Jeff KINDER and Marge Kinder, Appellants (Defendants),
v.
John DOE and/or Jane Doe, Appellees (Defendants).
No. 47A04-8802-CV-00054.
Court of Appeals of Indiana, Fourth District.
June 28, 1989.*112 Karon E. Perkins, Dalmbert, Marshall & Perkins, Columbus, for appellants.
Linley E. Pearson, Atty. Gen., Gordon E. White, Jr., Deputy Atty. Gen., Indianapolis, for appellee Lawrence County Dept. of Public Welfare.
MILLER, Judge.
On June 5, 1987 Jeff and Marge Kinder brought an action against John and/or Jane Doe alleging the defendant(s) had maliciously made false statements in a letter to the Lawrence County Department of Public Welfare (Welfare) which caused Welfare to investigate them for possible child abuse and to initiate a CHINS proceeding which was later dismissed. The Kinders bring this interlocutory appeal alleging the trial court erred in denying their Motion to Compel Production of Documents and Records to a Non-Party. The request for production was directed to Welfare and requested the original letter which precipitated the investigation.
We restate the issue as follows: whether the trial court abused its discretion in denying the motion to compel, and improperly interpreted IND. CODE §§ 31-6-11-7 and 31-6-11-18,[1] which address immunity from *113 civil liability for persons who report child abuse or neglect, and the confidentiality of such reports.
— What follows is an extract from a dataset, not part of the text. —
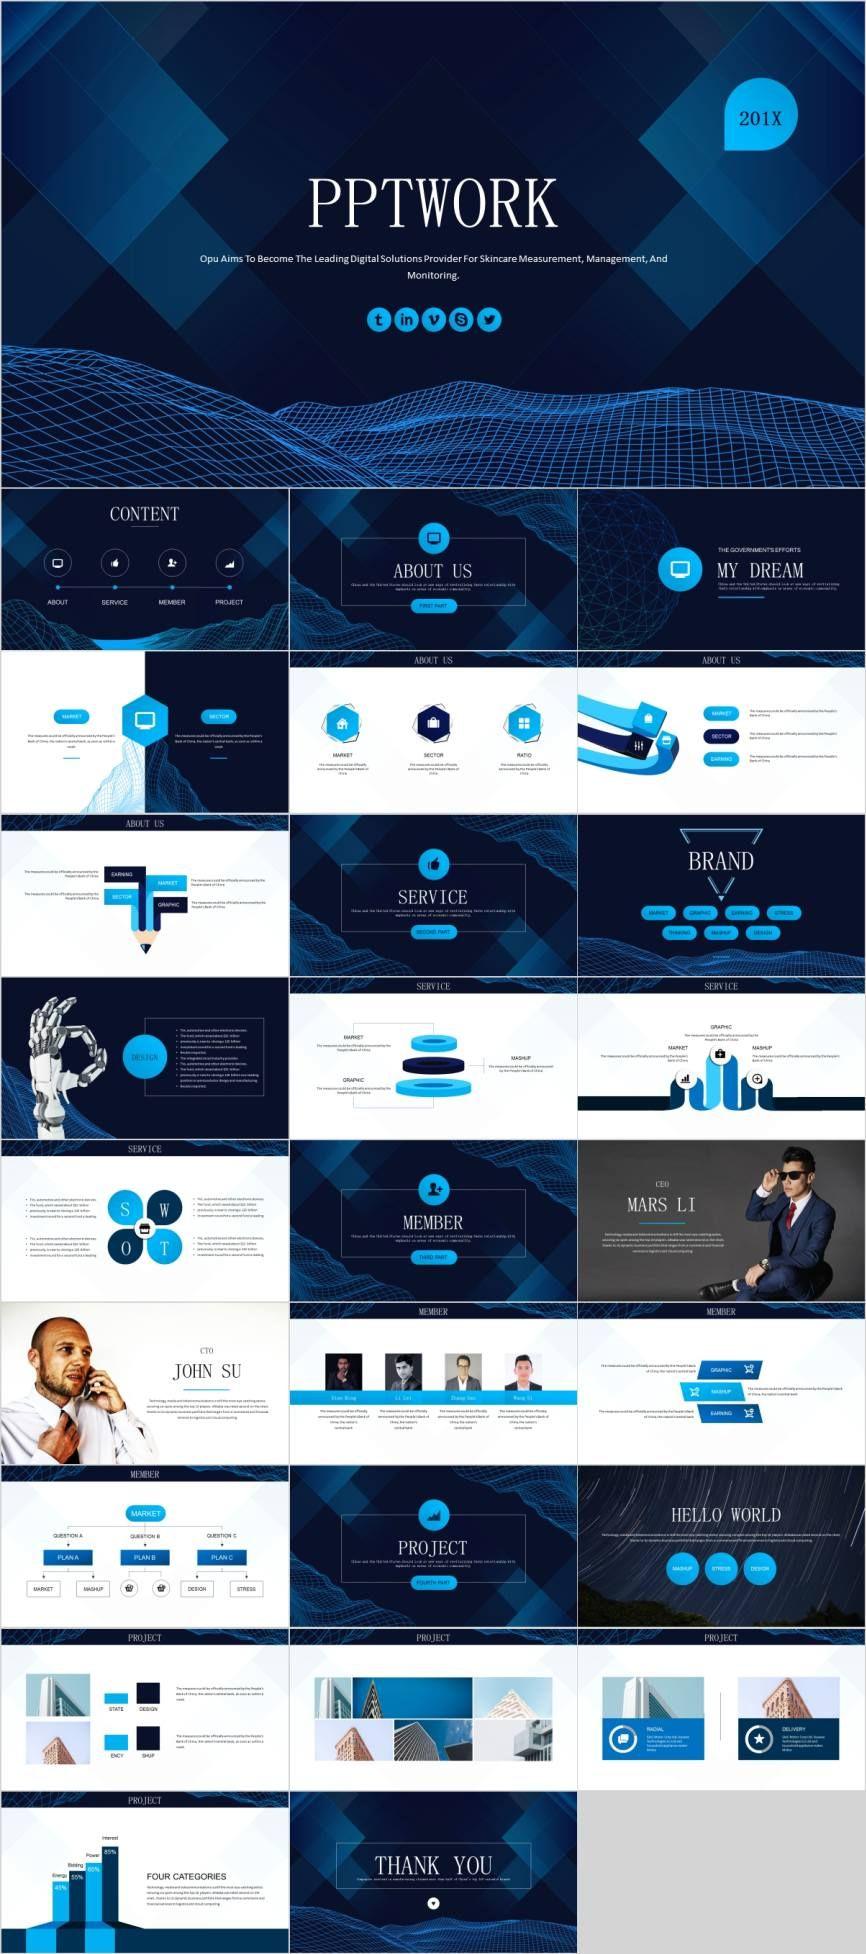 Best Blue Report Ideas Design Powerpoint Template Pcslide Com Presentation Fa Powerpoint Design Templates Powerpoint Templates Business Powerpoint Templates
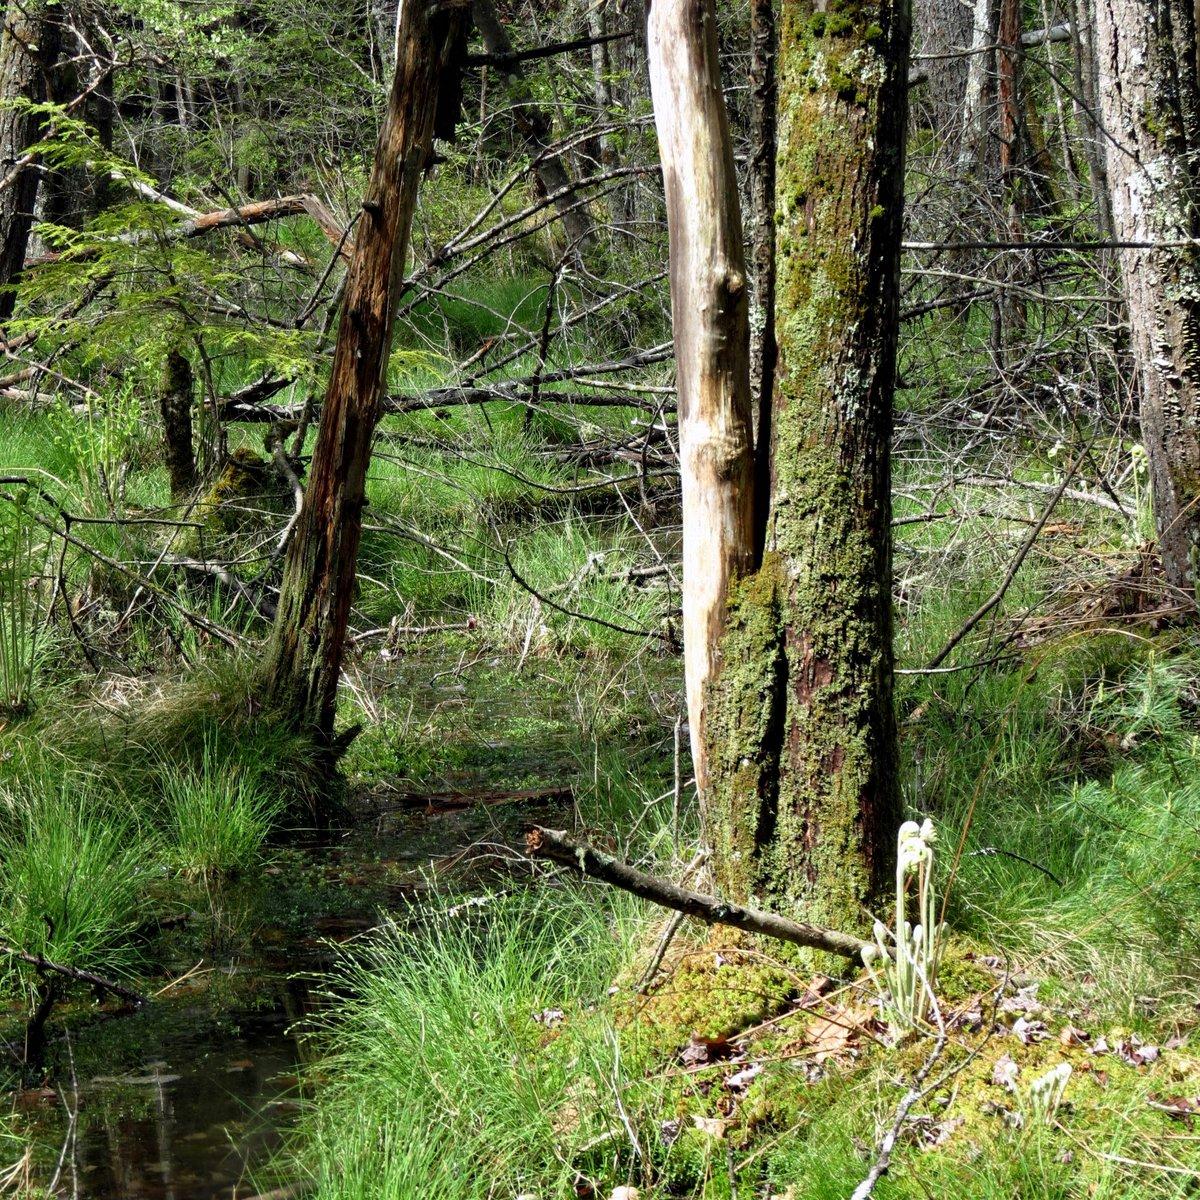 6. Old Beaver Pond

We conclude the trial court properly interpreted the statute, however because this is a case of first impression we remand with instructions to hold an evidentiary hearing to allow the Kinders to present evidence to rebut the presumption the author of the letter acted in good faith.
FACTS
The Kinders are the parents of two minor children. A person whose identity is unknown to the Kinders sent a letter to Welfare which apparently contained allegations of child abuse or neglect against the Kinders. As a result of the letter, Welfare initiated an investigation of the Kinders and filed a CHINS petition with the Lawrence County Juvenile Court. The CHINS petition was dismissed with no action being taken against the Kinders.[2] The Kinders asked Welfare to refer the matter to the prosecutor for possible action on the allegedly false report. The record is unclear but it appears the prosecutor chose not to pursue the matter.
The Kinders filed suit against the person who sent the letter designating the defendant as John and/or Jane Doe, then sought to determine the identity of the party through discovery, by a request to Welfare for production of the letter. Welfare filed an Affidavit in Opposition to Motion for Production, in which it alleged Welfare was prohibited by statute from releasing the requested document.[3] The Kinders filed a motion to compel. After hearing argument on the motion, the trial court denied the motion as follows:
1/21/88 The Court having had the Plaintiff's Motion to Compel the Welfare Department to divulge the identity of an Informant under advisement, the Court now denies the Plaintiff's Motion to Compel.
In support of the Court's finding that said Motion to Compel should be denied, the Court notes that the statute that provides for information regarding the abuse or neglect of minor children provides that such persons giving information to the Welfare Department shall remain anonymous; that their identity only has to be divulged if it becomes apparent that such reporting is in bad faith.
Because the Plaintiff is the moving party requesting that Welfare Department be compelled to deliver that information to it, the burden of proving that the information given to the Welfare Department was given in bad faith must therefore fall on the Plaintiff.
Plaintiff could arguably call Welfare Department officials to testify as to why after there was a finding of probable cause to believe that the children were children in need of services they made the decision to dismiss the original petition to find the children in need of services.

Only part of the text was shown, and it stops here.